** Instructions to follow **
Everything in the entries except the pictures should be copied exactly.

** Data excerpts **
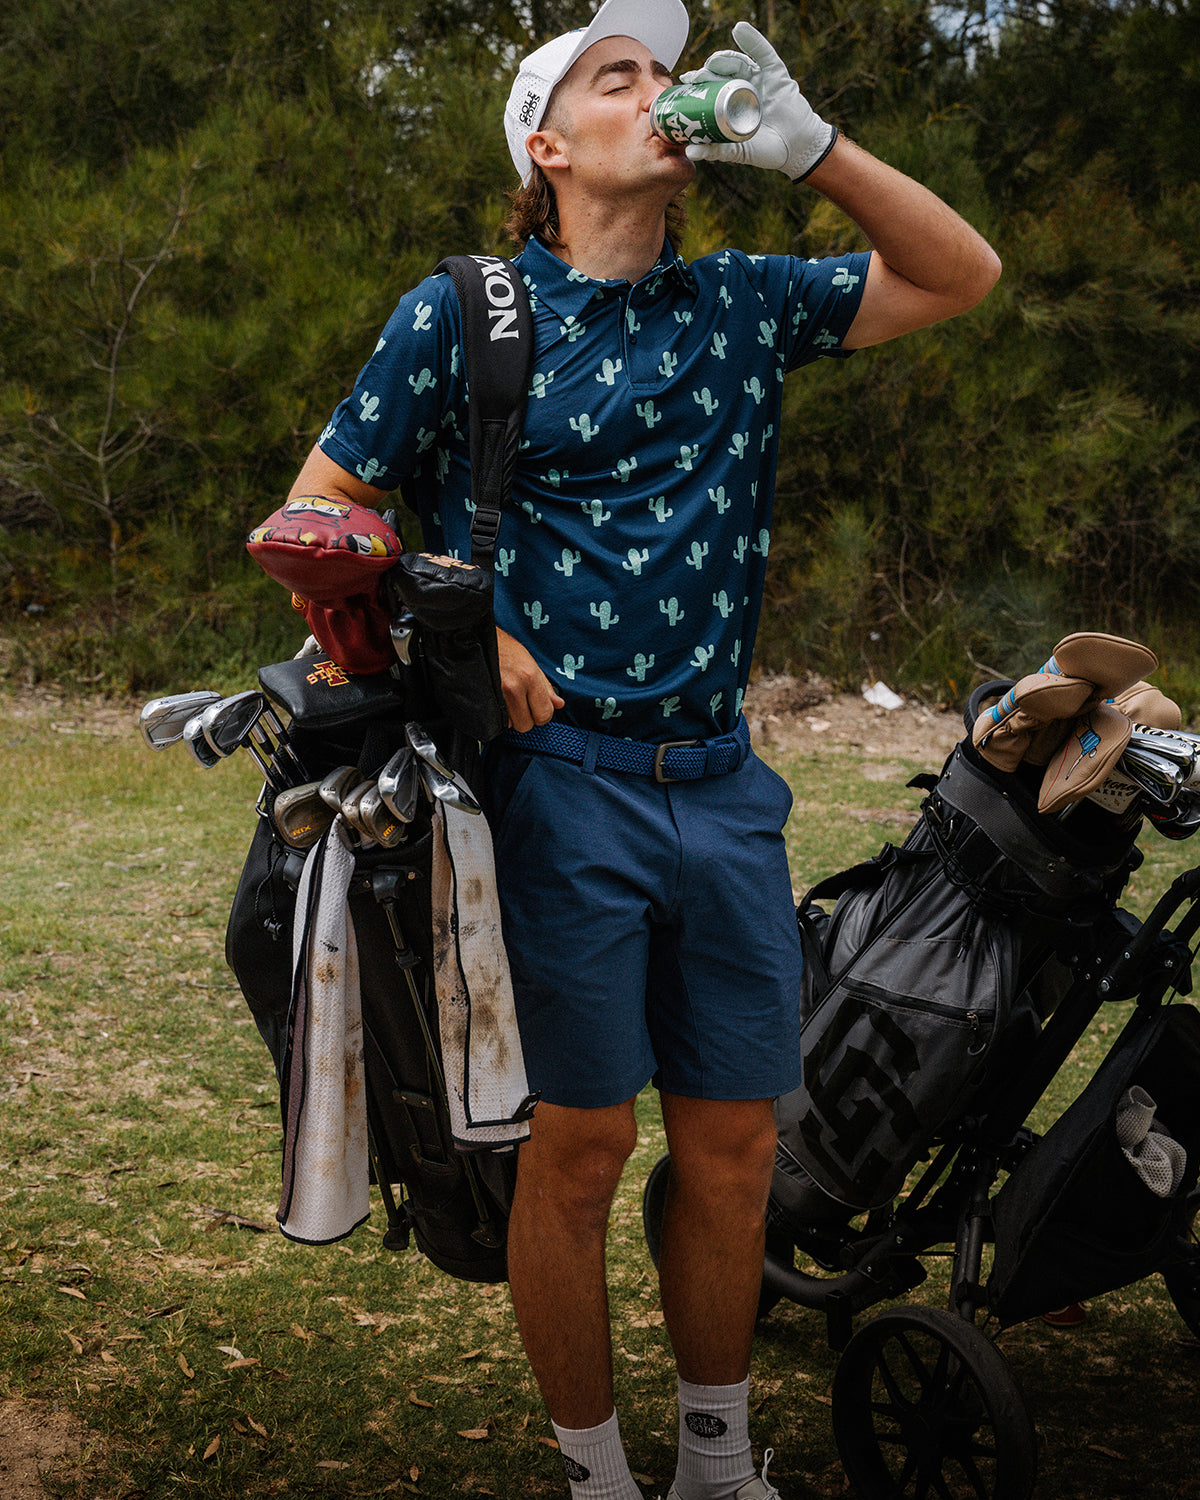 LIFE IS SERIOUS ENOUGH, GOLF DOESN’T NEED TO BE TOO
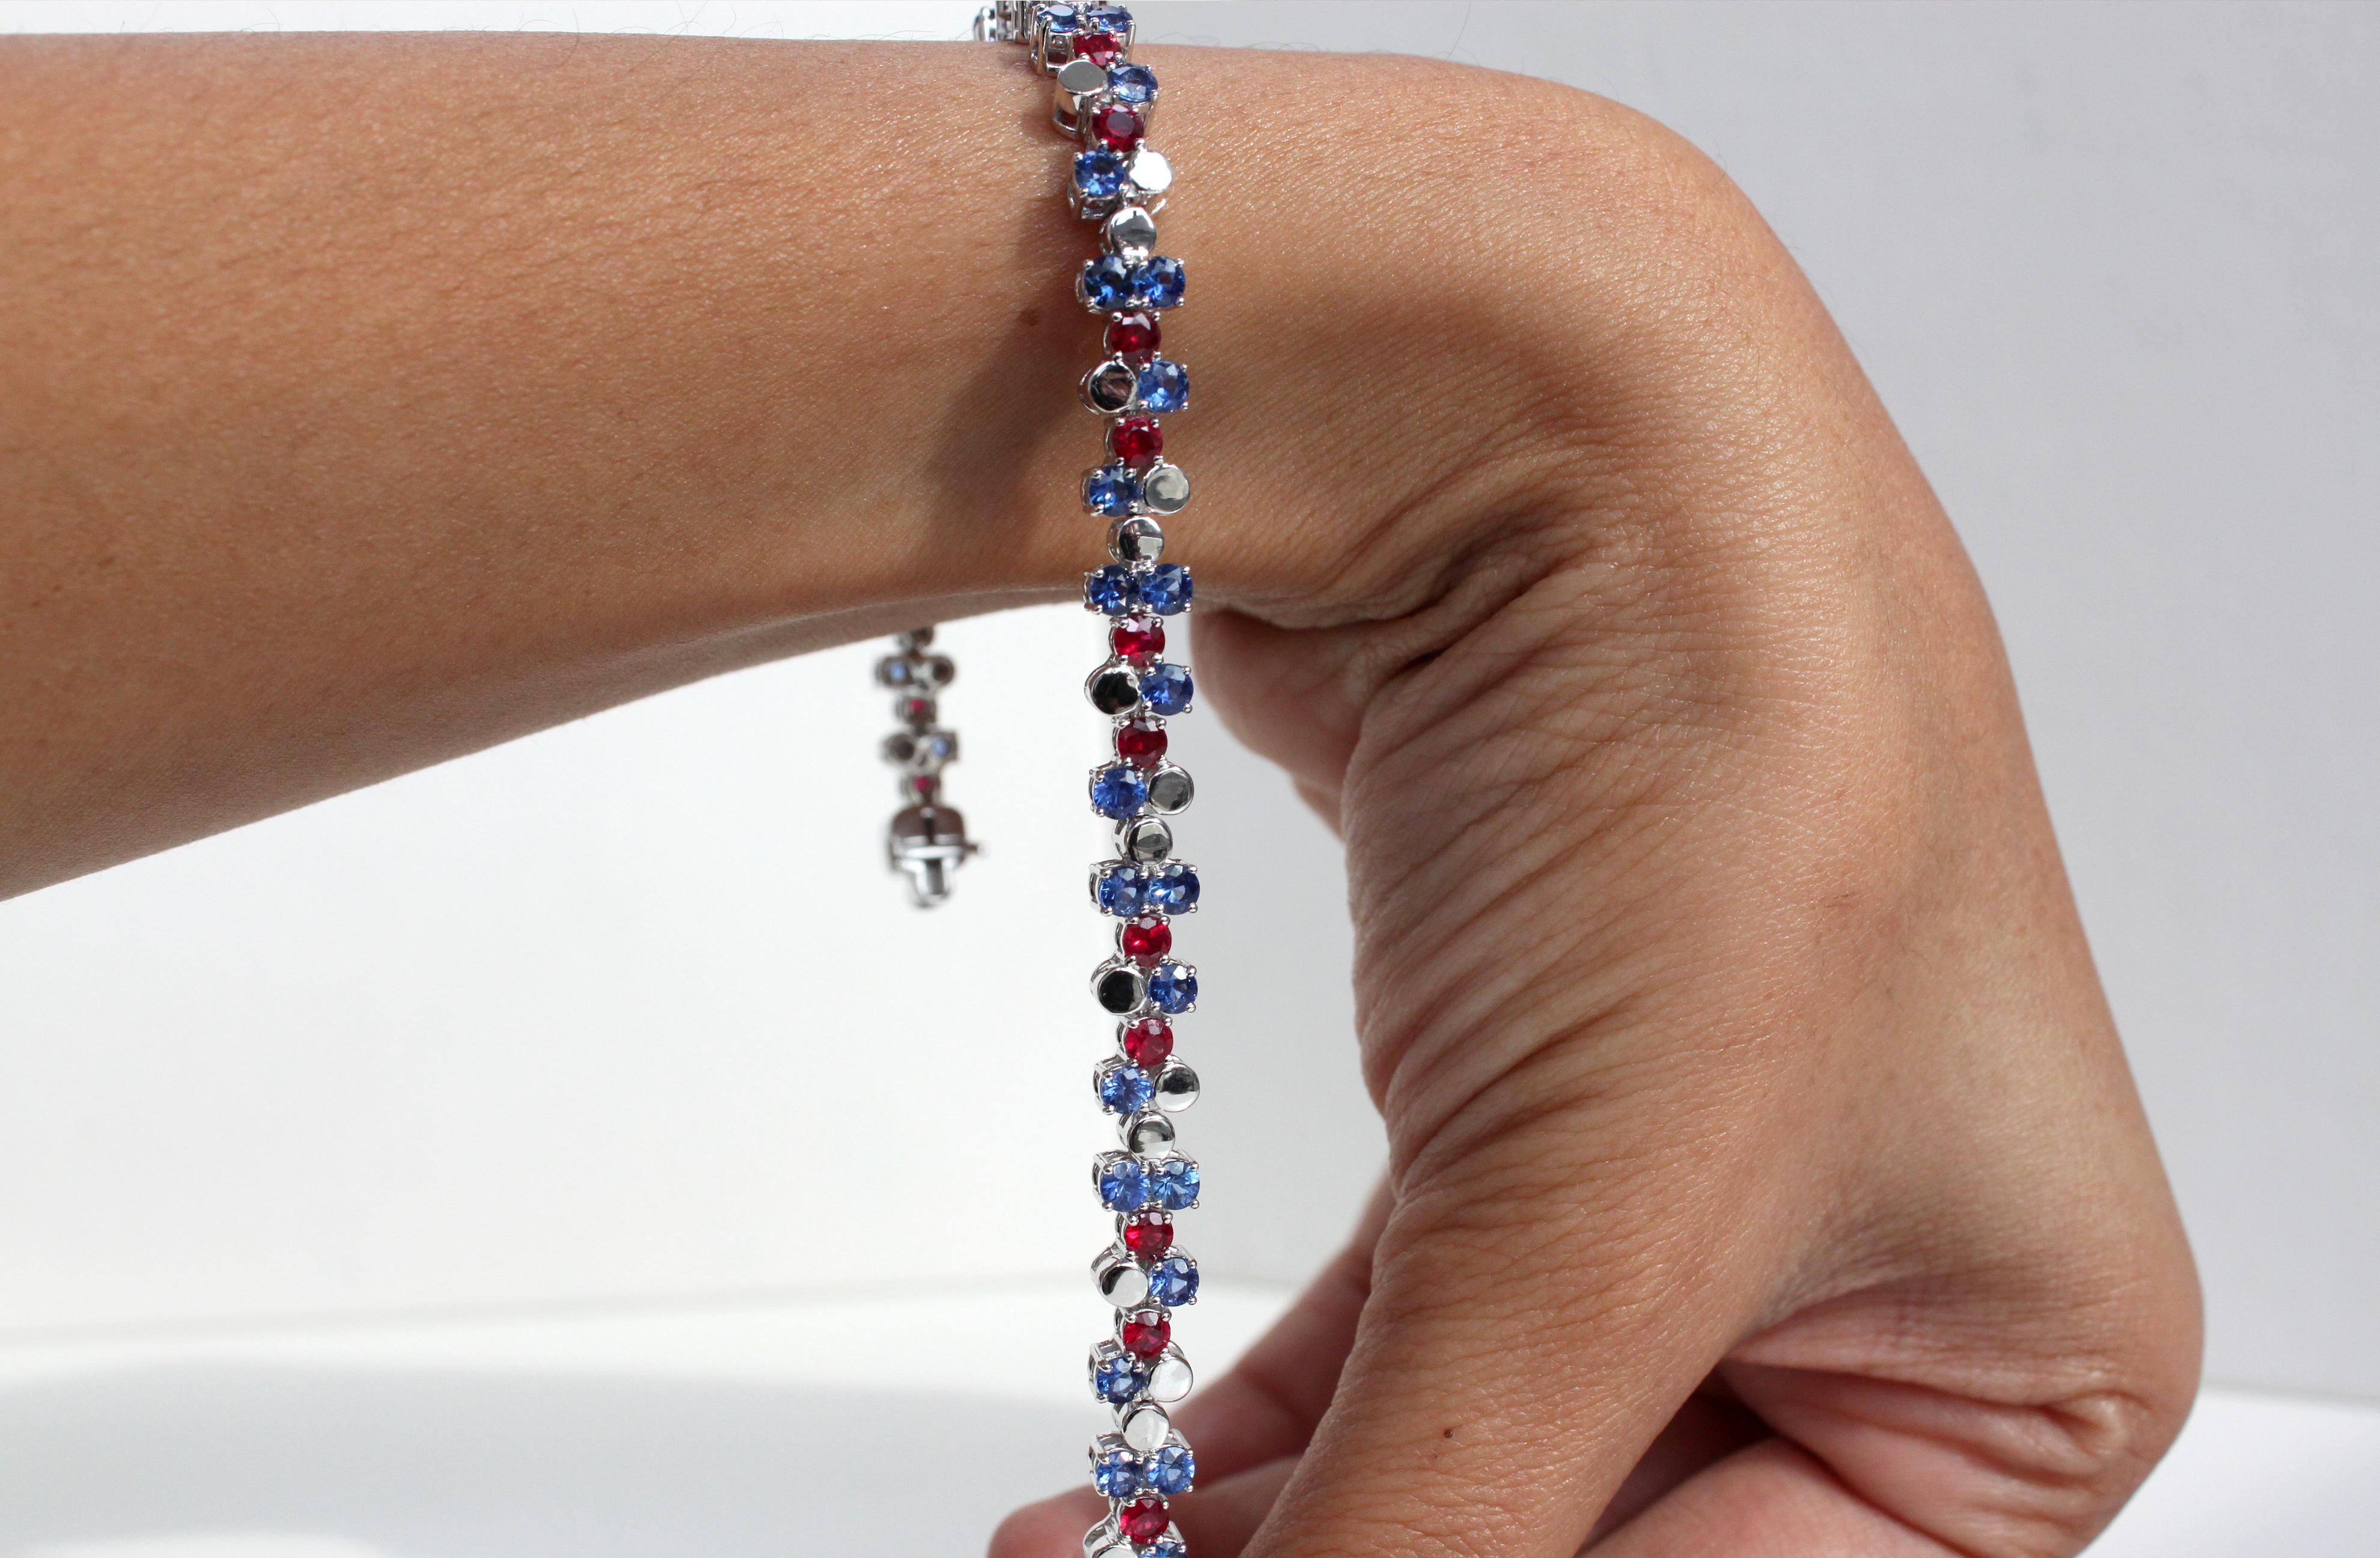 Total Weight: 18.49g
Total Gemstone Weight: 6.48ct (ruby 2.15ct  blue sapphire 4.33ct)
Bracelet Length: 18 cm
Bracelet Width: 0.6cm

Introducing our one-of-a-kind Natural Gemstone Bracelet, a true masterpiece inspired by the intricate design of a

** Result for this task **
 LIFE IS SERIOUS ENOUGH, GOLF DOESN’T NEED TO BE TOO
 Total Weight: 18.49g
Total Gemstone Weight: 6.48ct (ruby 2.15ct  blue sapphire 4.33ct)
Bracelet Length: 18 cm
Bracelet Width: 0.6cm

Introducing our one-of-a-kind Natural Gemstone Bracelet, a true masterpiece inspired by the intricate design of a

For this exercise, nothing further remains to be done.